**EXERCISE AIM:** What's wanted here is the full listing below, repeated exactly, with no images in it.

──────── PROVIDED DATA

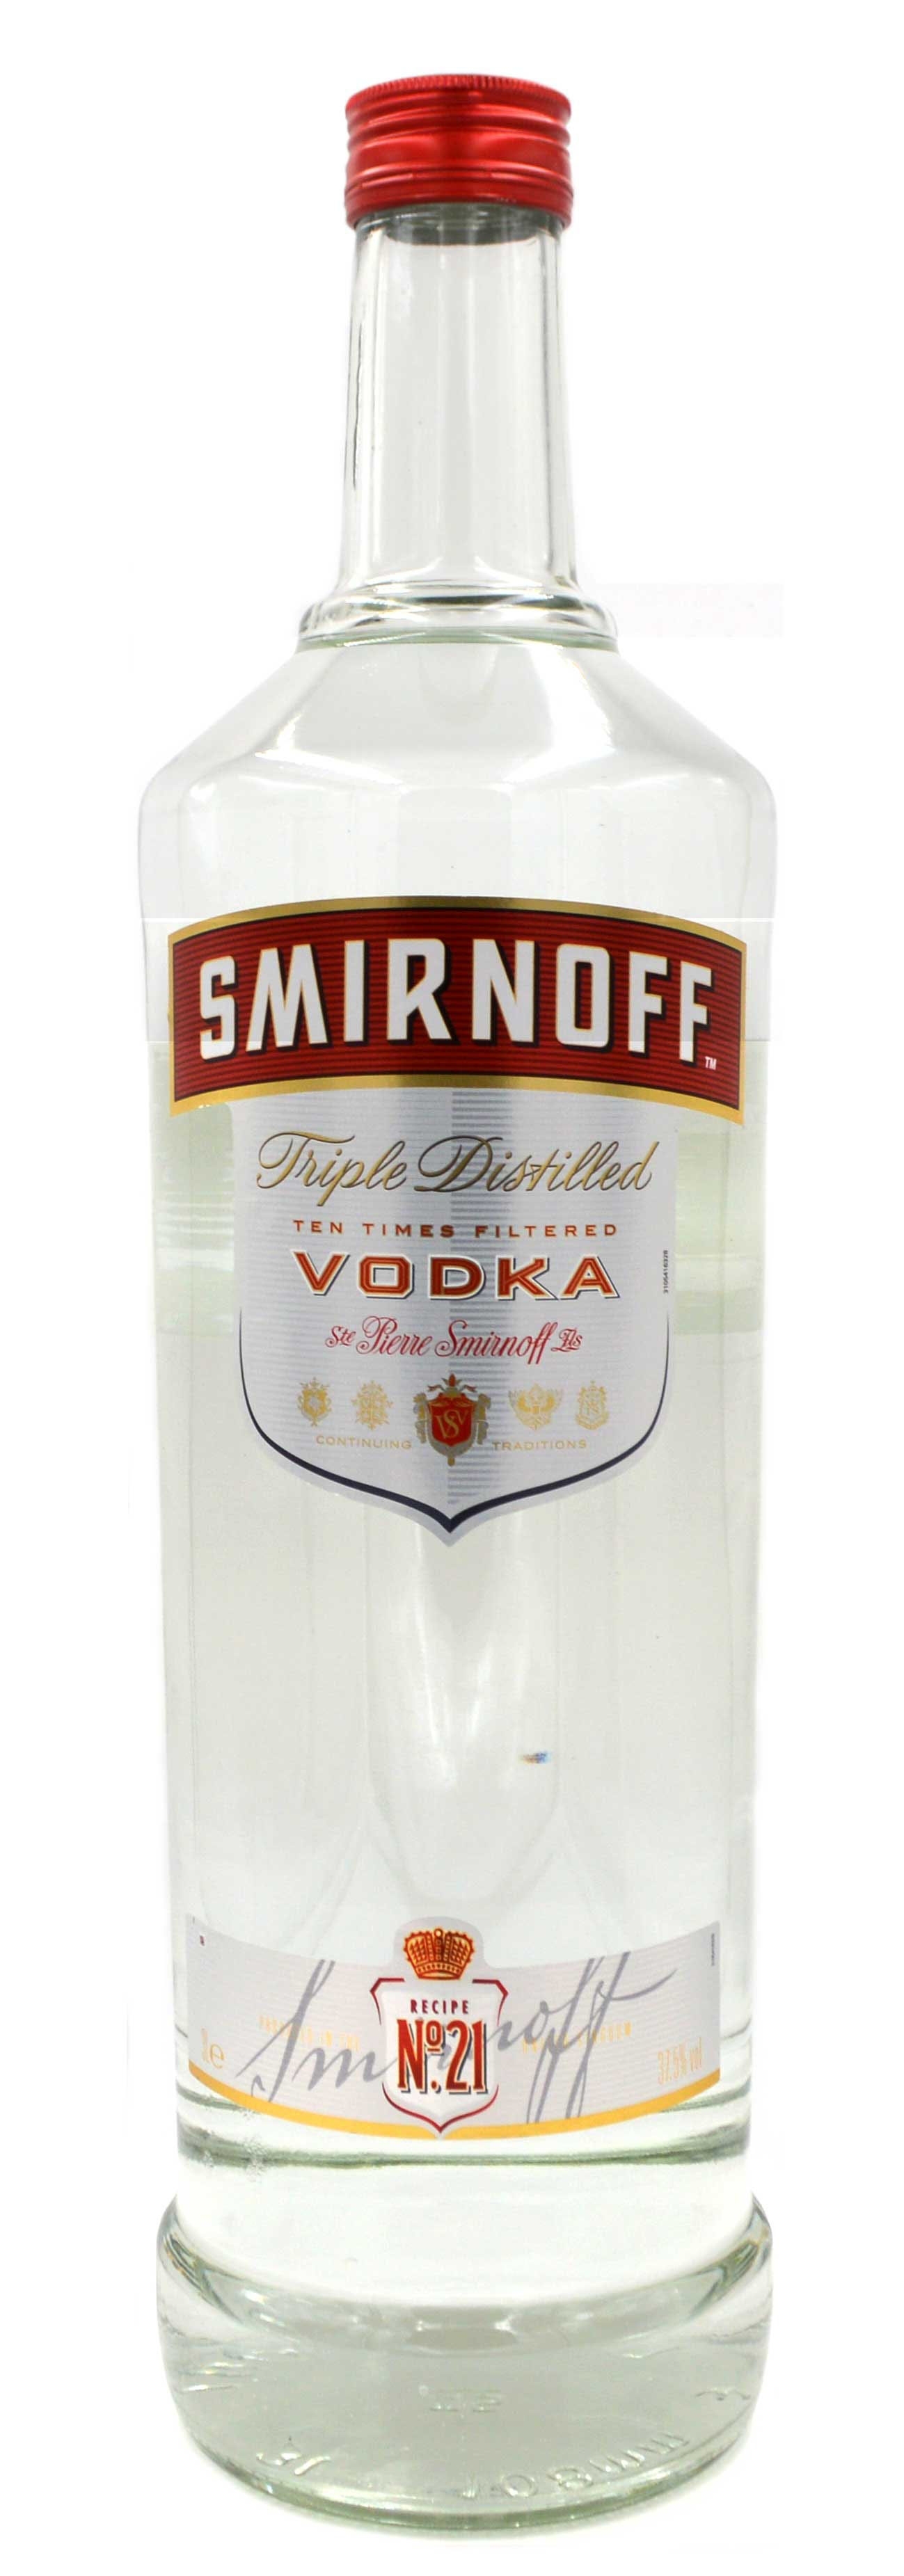 Smirnoff Vodka Red Label big bottle 3.0l
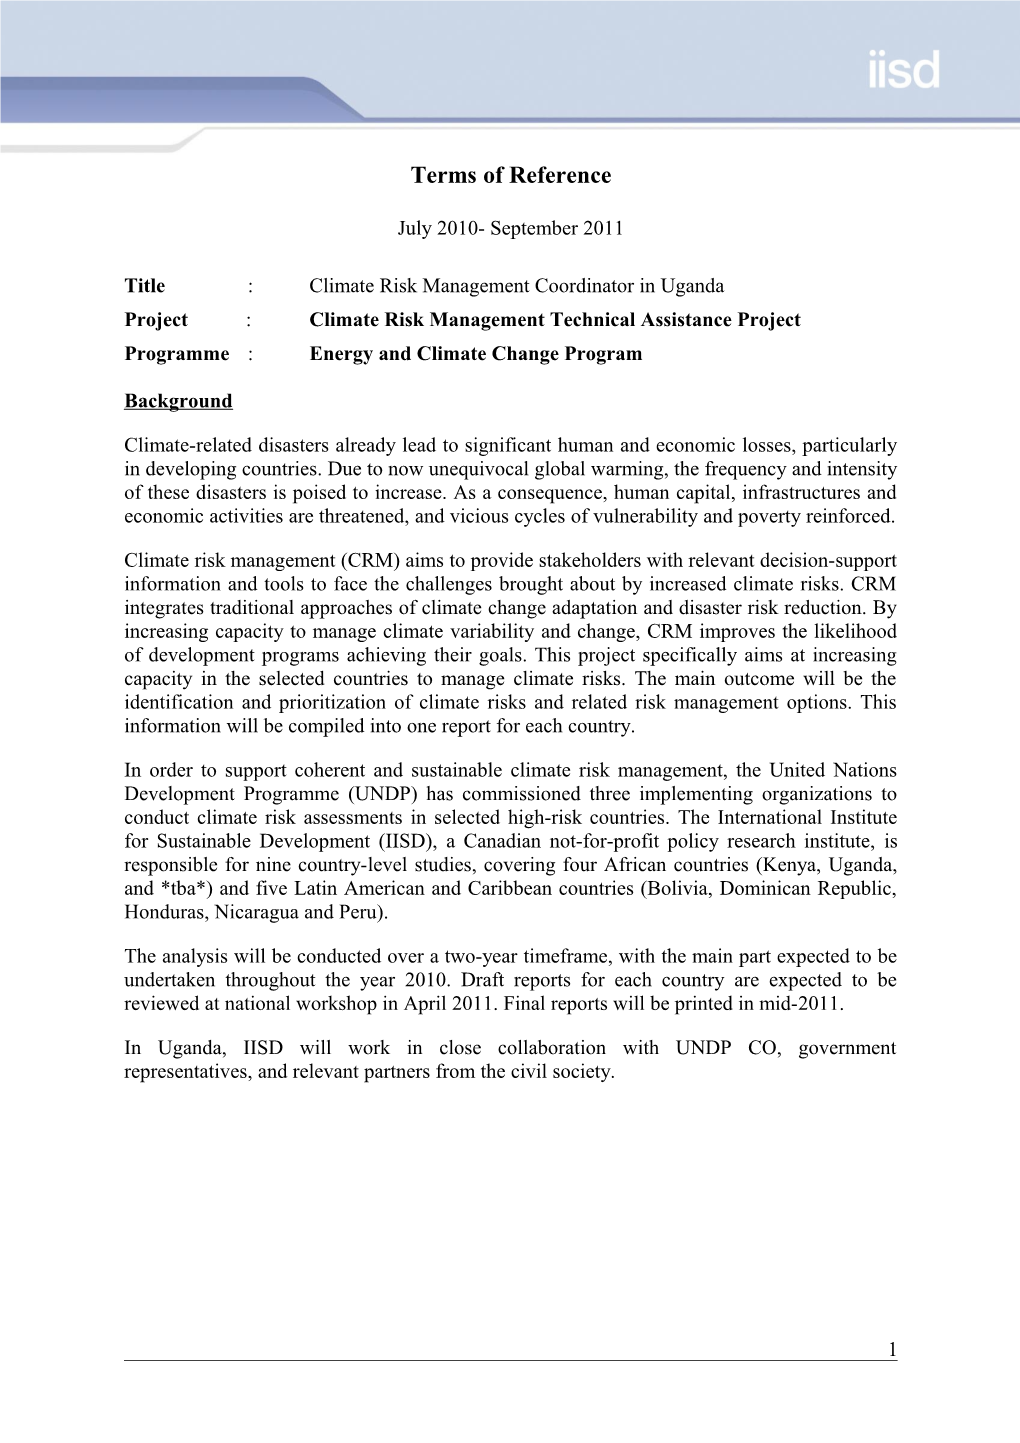 Project:Climate Risk Management Technical Assistance Project
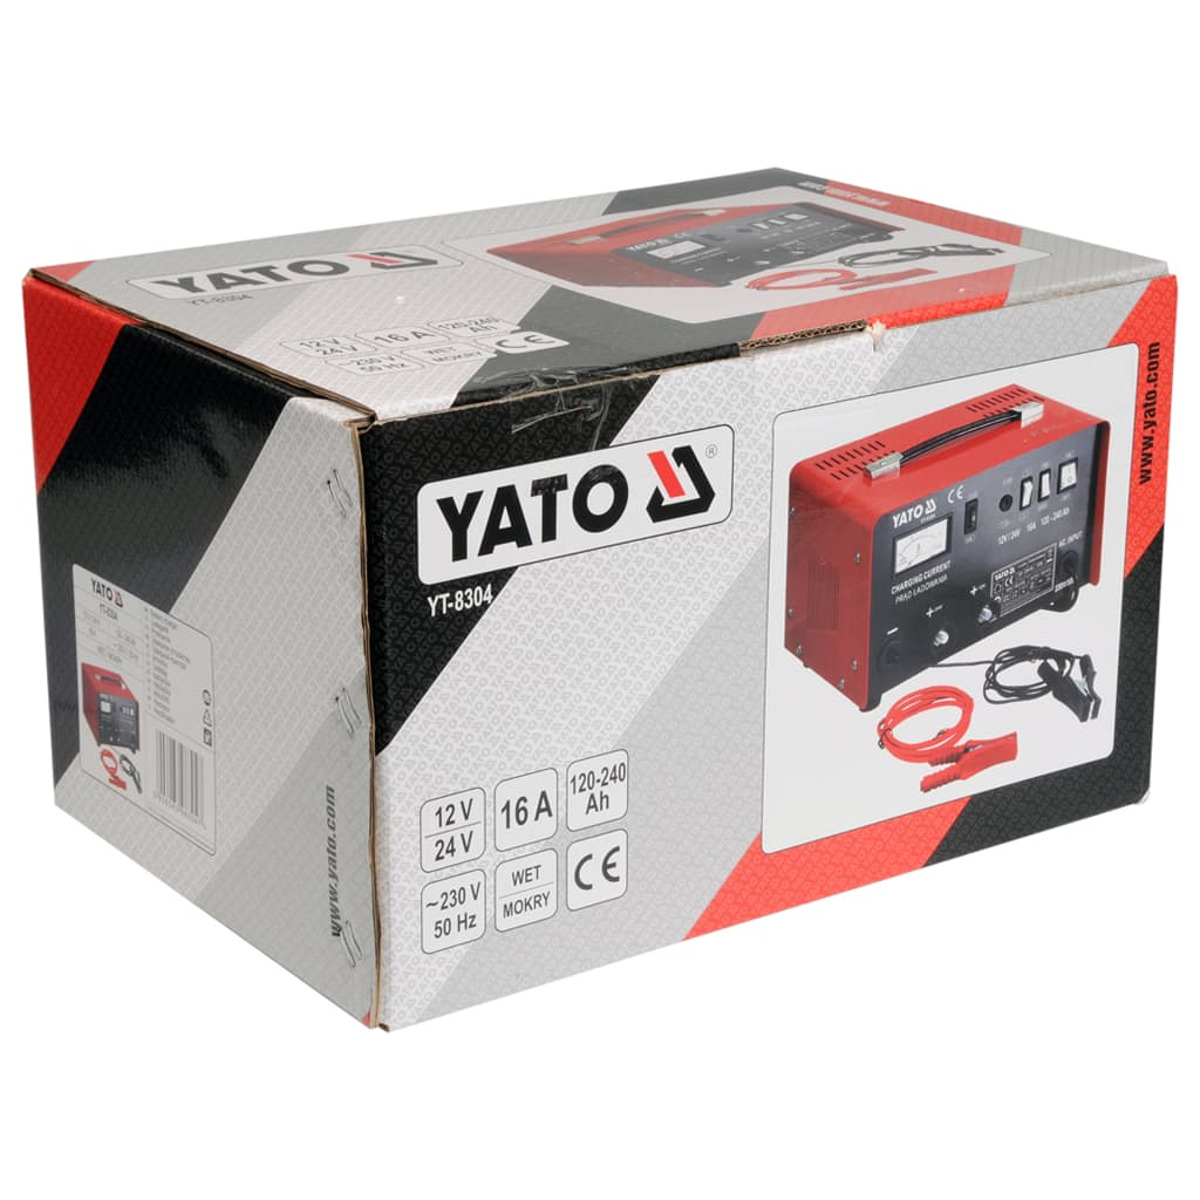 Red Universal, Batterieladegerät YATO 434492

────────────────

**RESULT:**
 Smirnoff Vodka Red Label big bottle 3.0l
 Project:Climate Risk Management Technical Assistance Project
 Red Universal, Batterieladegerät YATO 434492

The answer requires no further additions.